Data shown >>
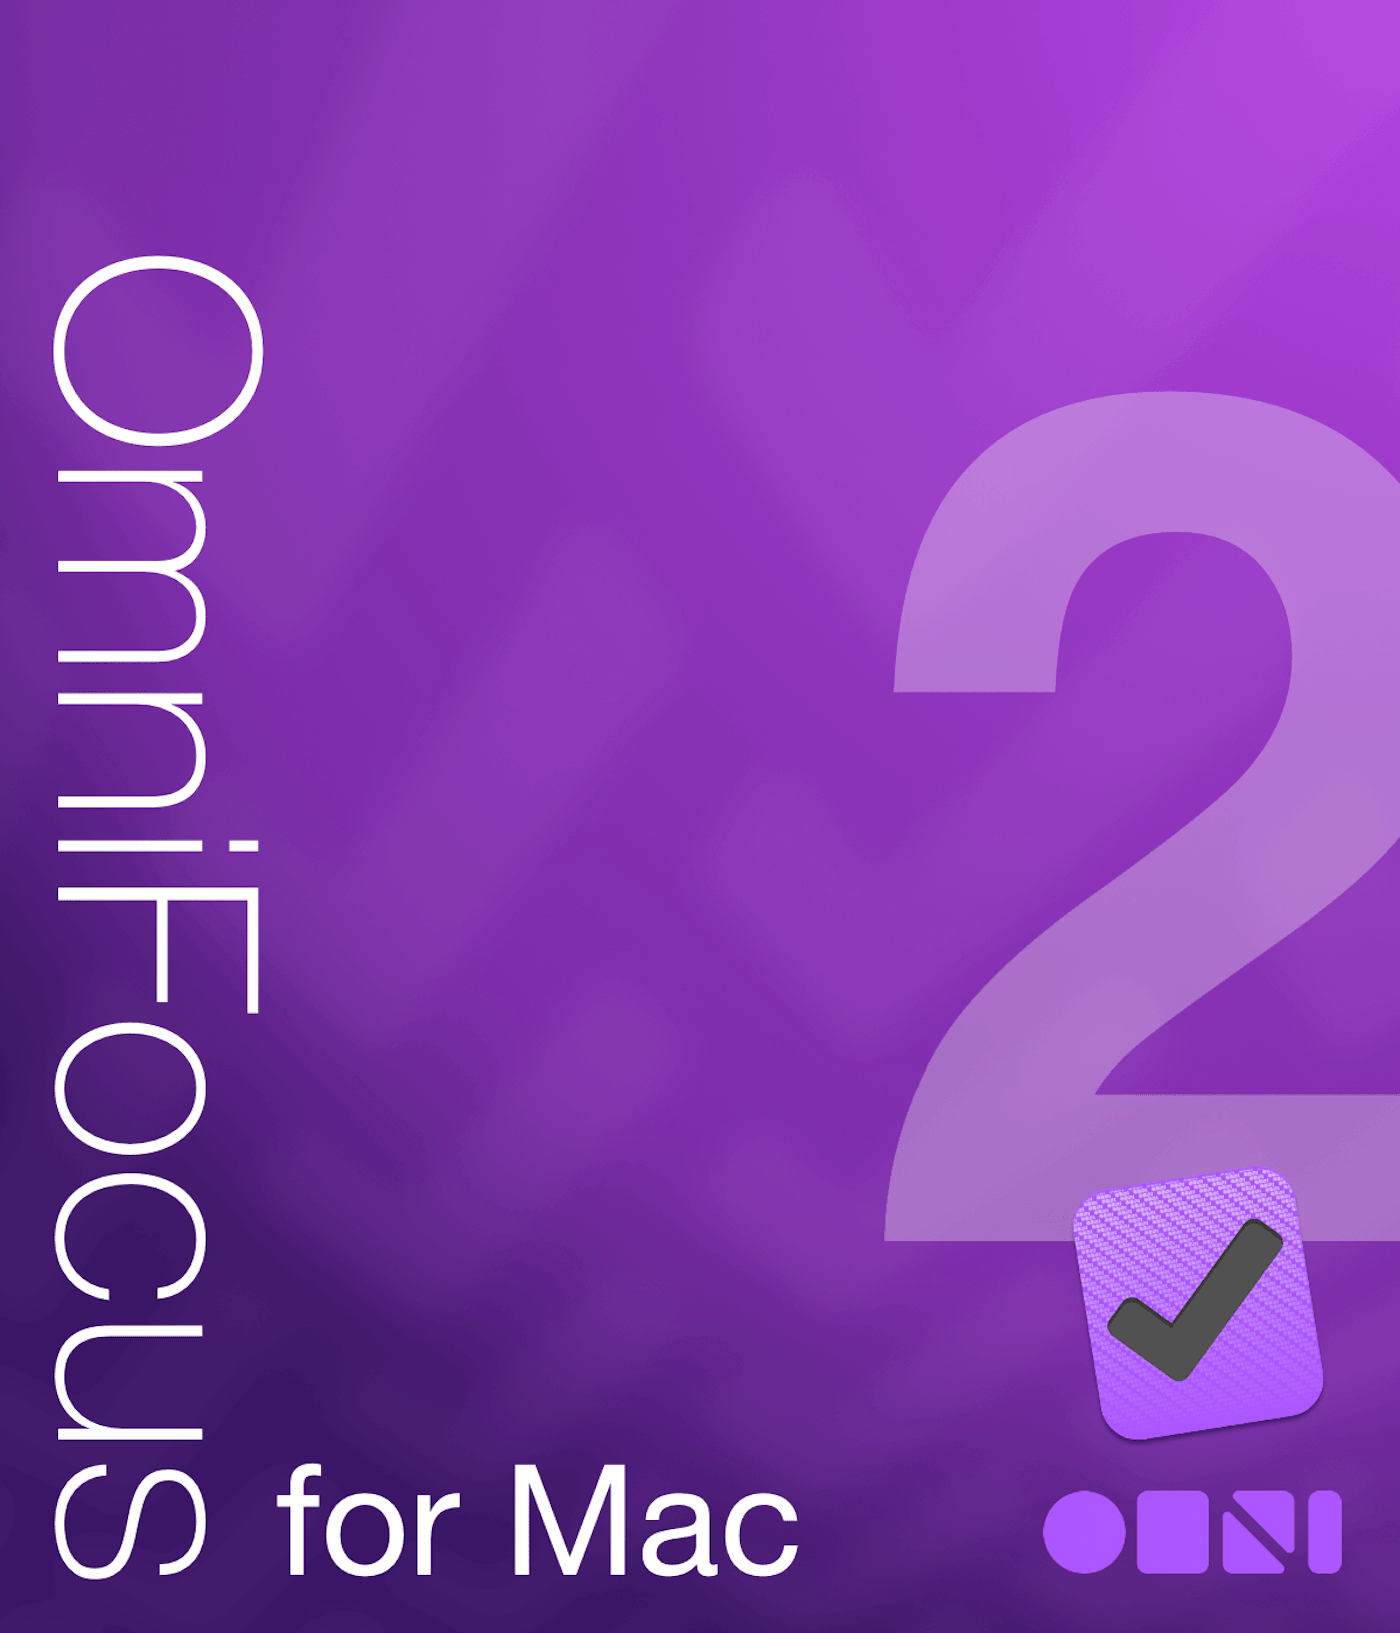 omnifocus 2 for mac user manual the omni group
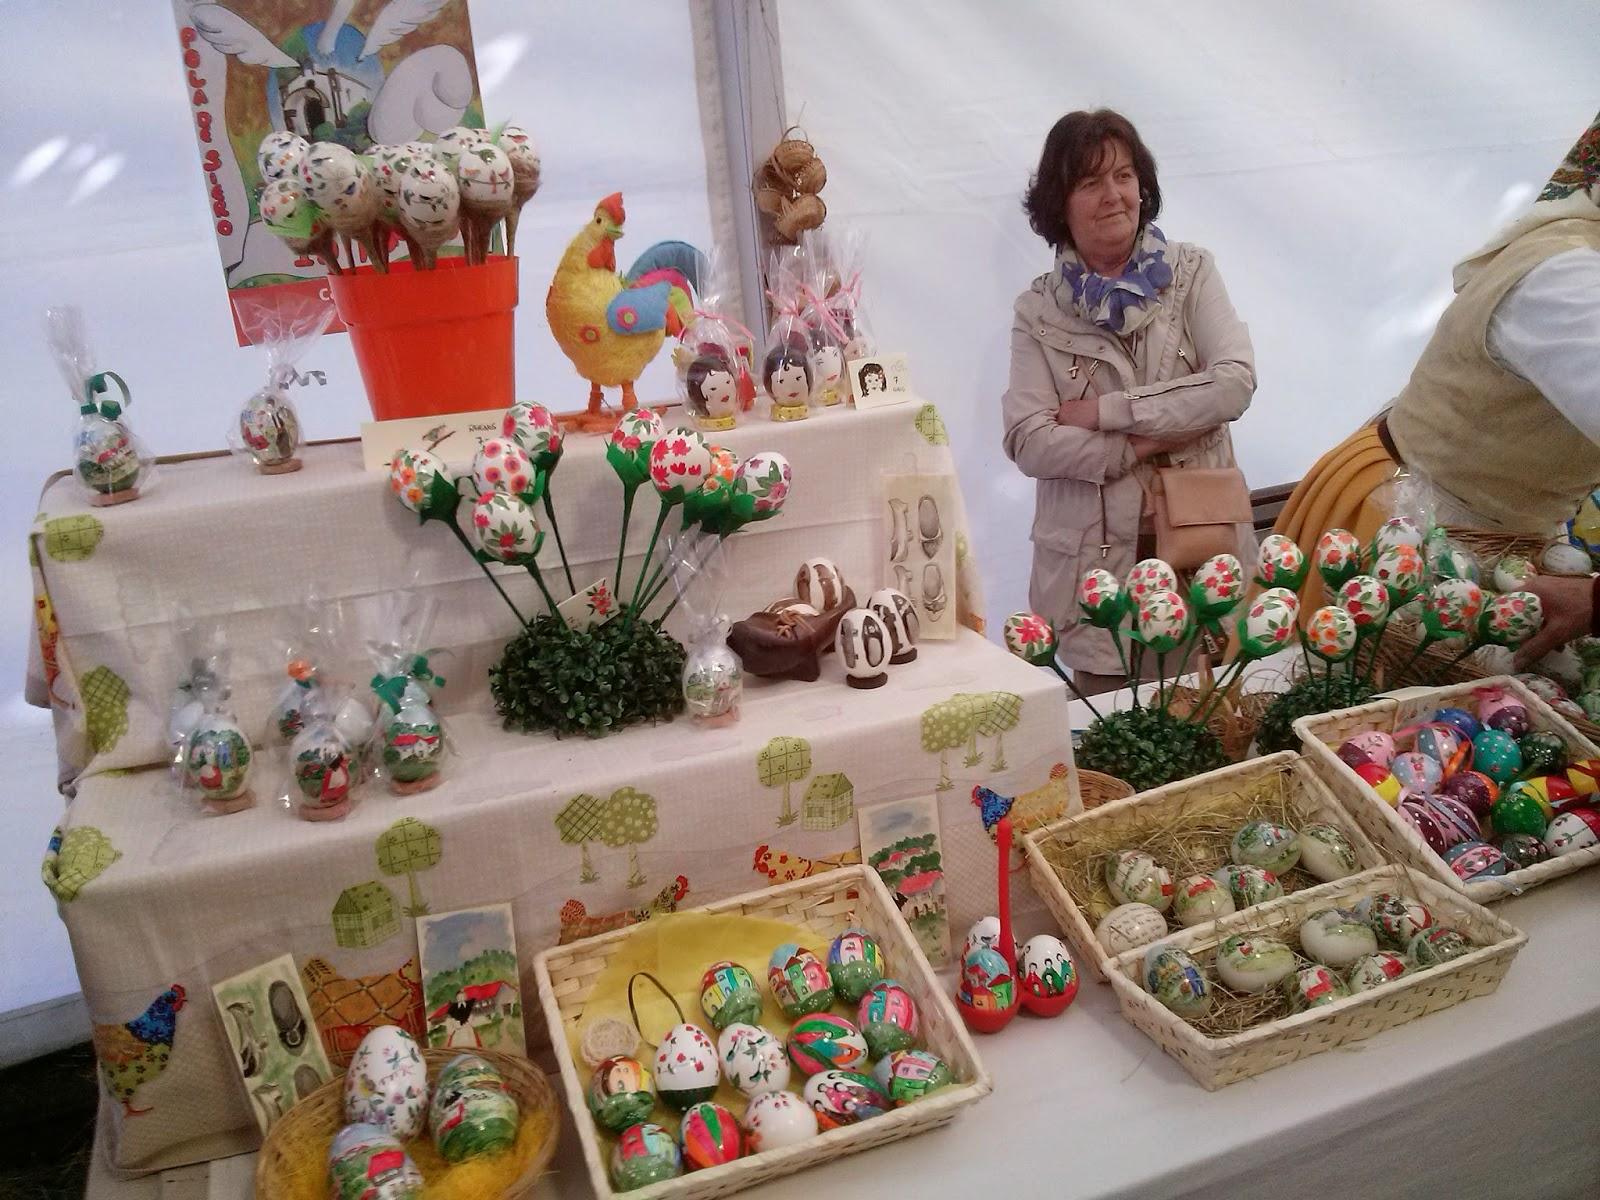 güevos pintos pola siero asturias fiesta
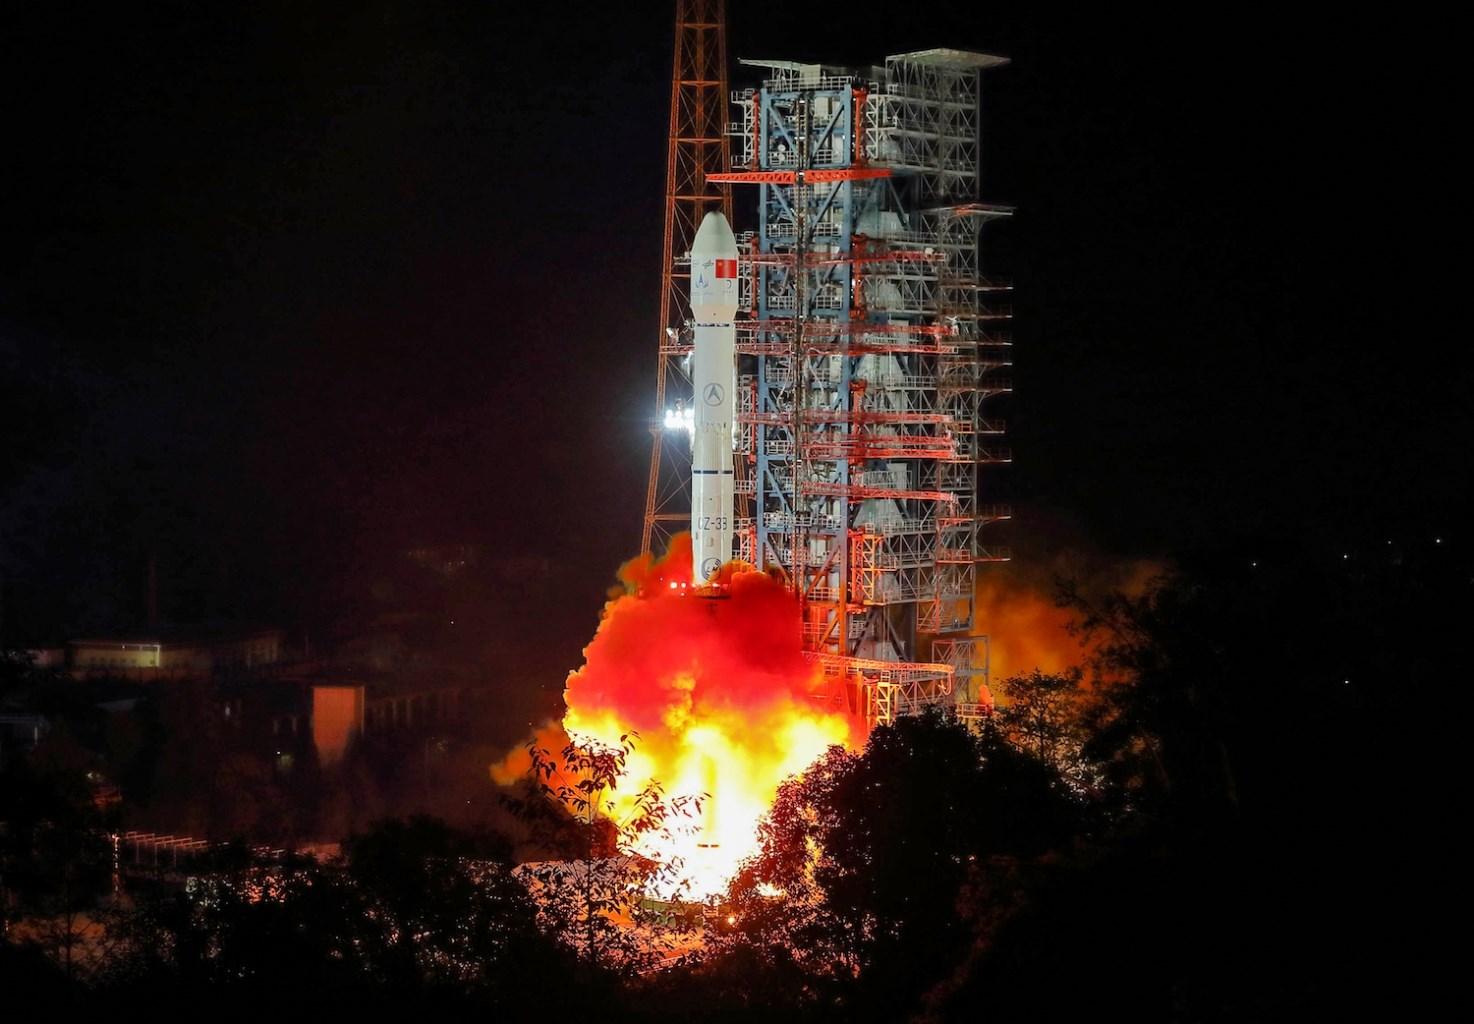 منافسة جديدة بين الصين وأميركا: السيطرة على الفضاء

Task details >> Retype everything in the material word for word, minus pictures.

Output for this exercise >>
 omnifocus 2 for mac user manual the omni group
 güevos pintos pola siero asturias fiesta
 منافسة جديدة بين الصين وأميركا: السيطرة على الفضاء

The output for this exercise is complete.